In time, as we both grew older, this changed. He lost his job and fell into a depression and an absent-mindedness I found hard to understand. Despite his dealing with a mental illness, I became more critical, more attentive to his flaws and shortcomings. He lost his glasses, got linguine when we asked for rigatoni at the grocery store and forgot my friends’ names.
At family dinner he sat largely silent until he interrupted with a non sequitur or unrelated question. I promised myself, with all of my naïve bravado, that I would never make myself vulnerable like he did, that I would never wallow in past regrets or failures. I would be assertive, I told myself. I would be a man.
So when I scaled that trail with so much comparative ease, I initially relished the fact that I walked ahead, I carried the pack, I checked in on him. I thought I was being a man. Sitting down, my dad’s breathing slowed, and he asked me, like he had so many times, if I had read David Brooks’s column that week. I hadn’t.

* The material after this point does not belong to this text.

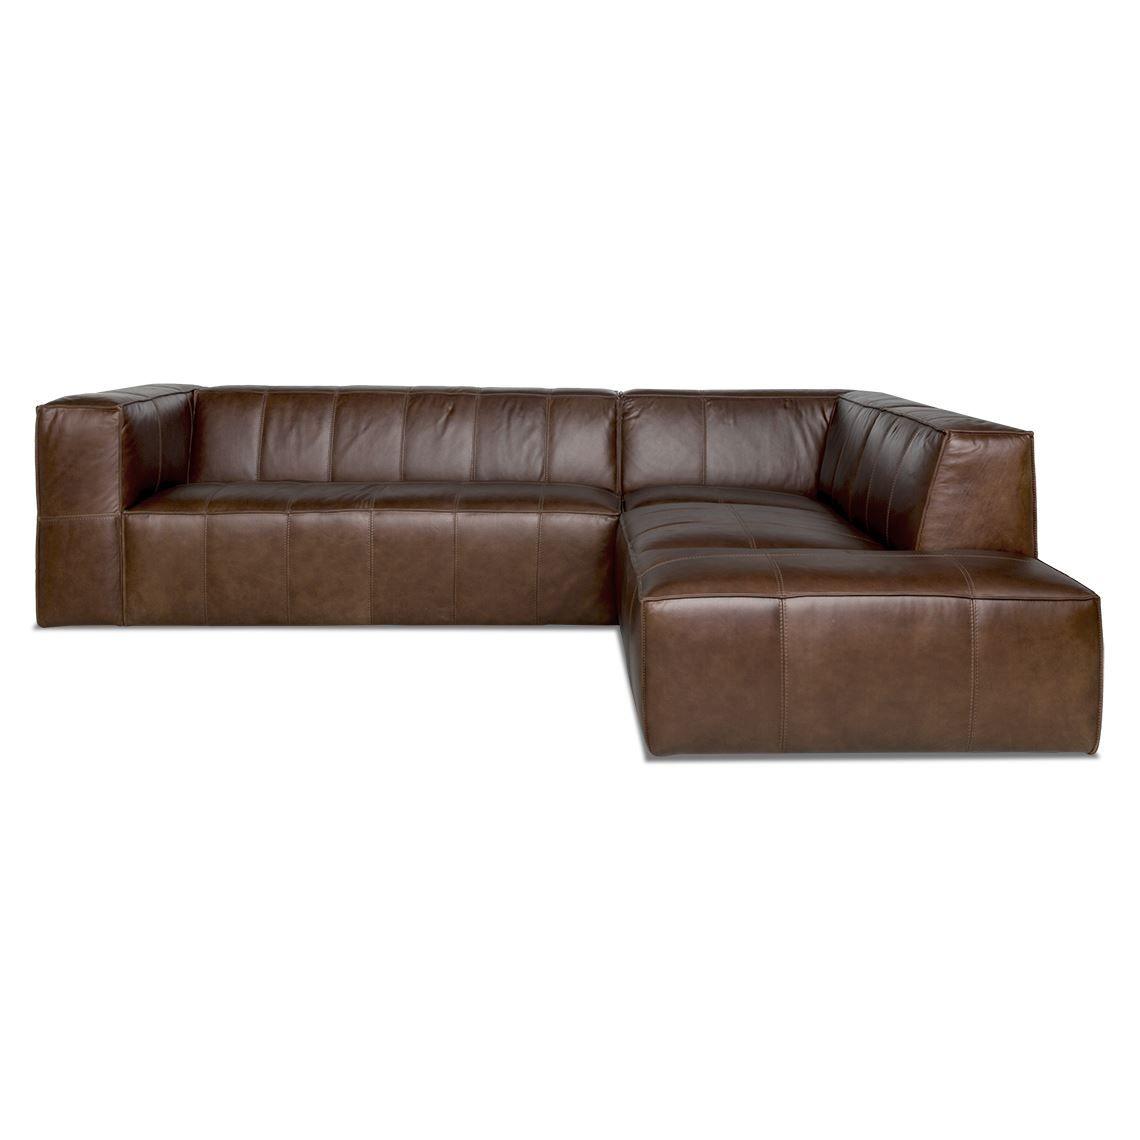 ATLAS 4 Seat Leather Corner Modular Sofa With Right Terminal ...
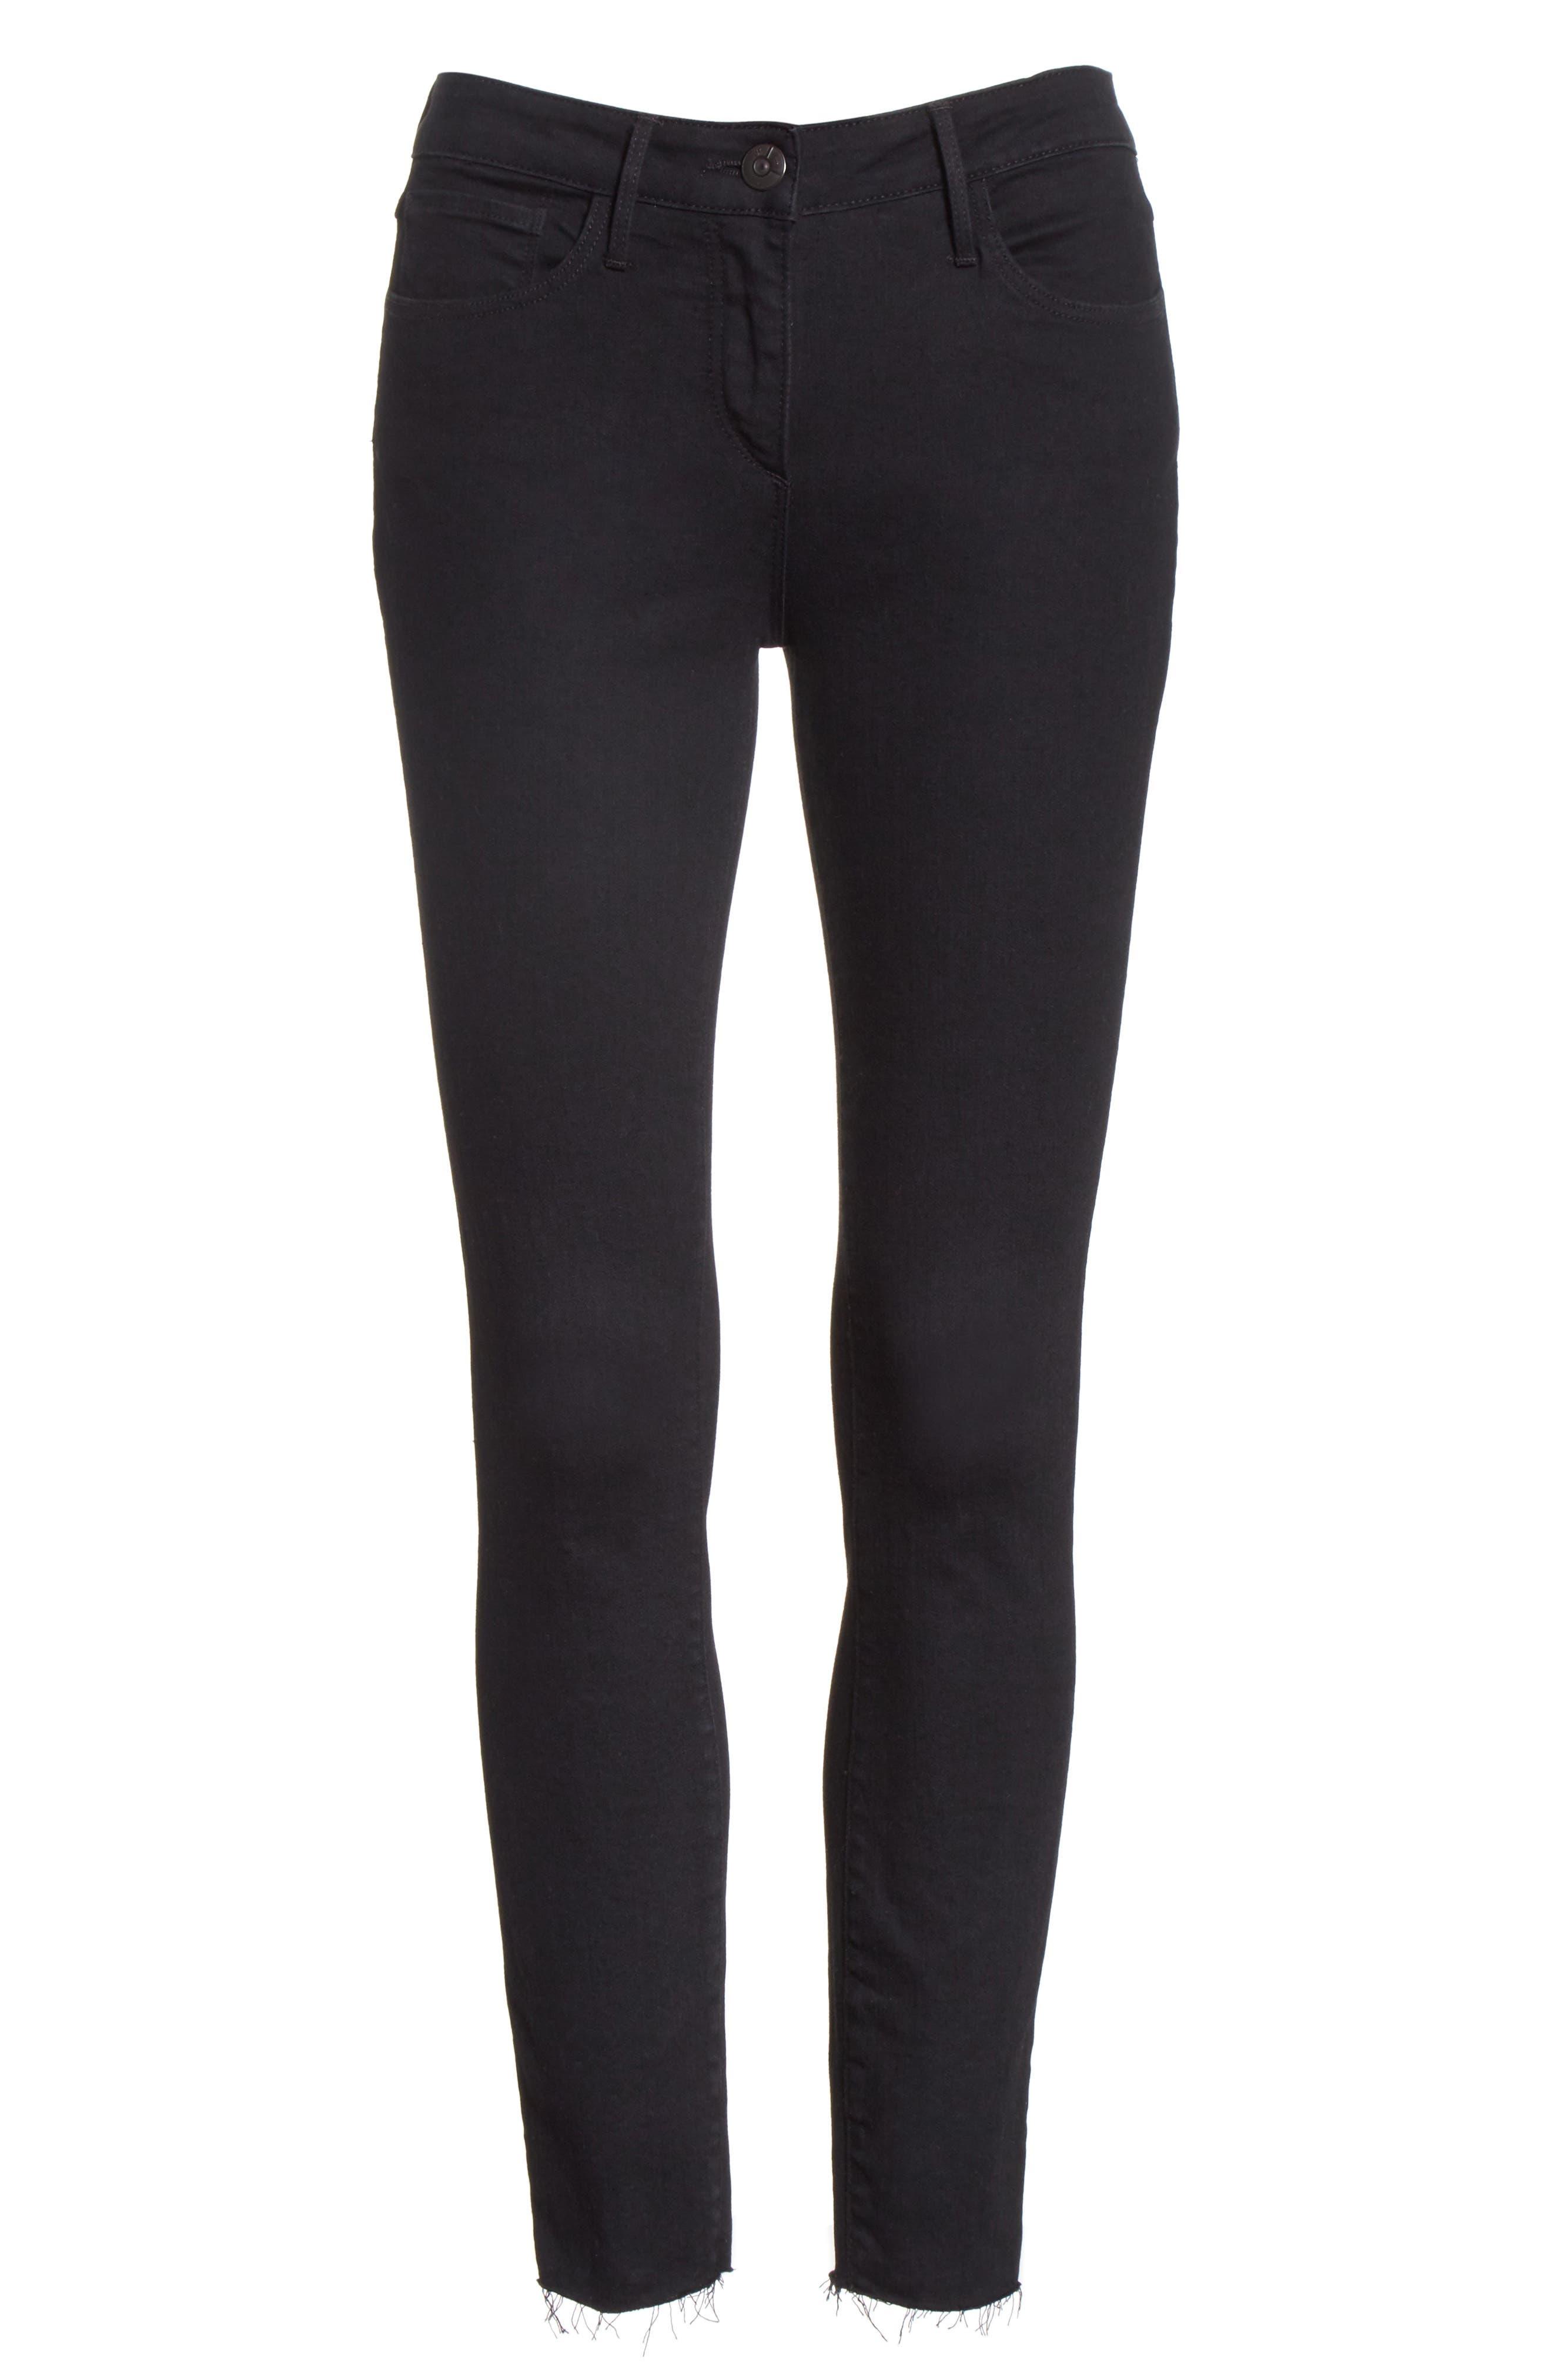 W2 Crop Skinny Jeans,                             Alternate thumbnail 6, color,                             Black Tear

So he filled me in. Listening to him discuss the necessity of imperfection in the democratic process, I felt a twinge of guilt. Guilt that I had fancied myself superior. Guilt that I had ever bought into facile standards of ‘manhood’; that I had imagined being a proper man meant unfailing vigor on a hiking trail, never dealing with switchbacks or setbacks, never losing your footing or your way.
I looked at my dad and knew all of those notions about employment, competent hiking or getting the right type of pasta at the grocery store, were false. I looked at my dad and I saw that being a man isn’t about any sort of superficial, external measure. As it was during my childhood misadventures, it’s about us, the imperfect son with the imperfect father, supporting each other up the proverbial mountain.
For me, the transition to manhood was not an external one: Fortunately, there was no rite of passage or singular circumstance that forced me to become a man. Rather, sitting there against a cliff with my father, I wondered if maybe adulthood simply meant looking beyond oneself, to the other, without any pretense or pomp. Maybe my father, with his unpretentious generosity and willingness to get back up and continue the trek, is the best example of a man I have.
He finished up his thoughts about the Brooks article, his breathing still audible.
‘How about we get that water,’ I said, reaching back into the pack.”
Our Analysis: Andrew is an outstanding writer. He writes in a unique style, has an excellent command of the English language (something we find to be extremely rare among college applicants), and he’s self-aware and quite mature for his age. This essay is a rather profound reflection on what it means to be a man through his observations of his father. Is the essay perfect? Absolutely not. It’s a bit dull. There’s a bit too much telling rather than showing in his descriptions of his father. It would have been nice if we could see for ourselves what Andrew’s father is like without him having to tell us what is like. What did he see when he looked at his dad that made him think about his father’s employment status? When he cites the David Brooks article, it would likewise have been great had Andrew gone into detail about what this article was about and why it serves the narrative about how he views his father. Had he done this, it would have added a great element of intellectual curiosity, something vital in each successful Common App. Personal Statement. That said, the essay is still outstanding. Andrew did not earn admission to Harvard in spite of this essay. We’ve never seen Andrew’s grades, scores, letters of recommendation, application, extracurriculars, or supplemental essays (to name just a few things), but this essay would have only helped his case for admission to Harvard University.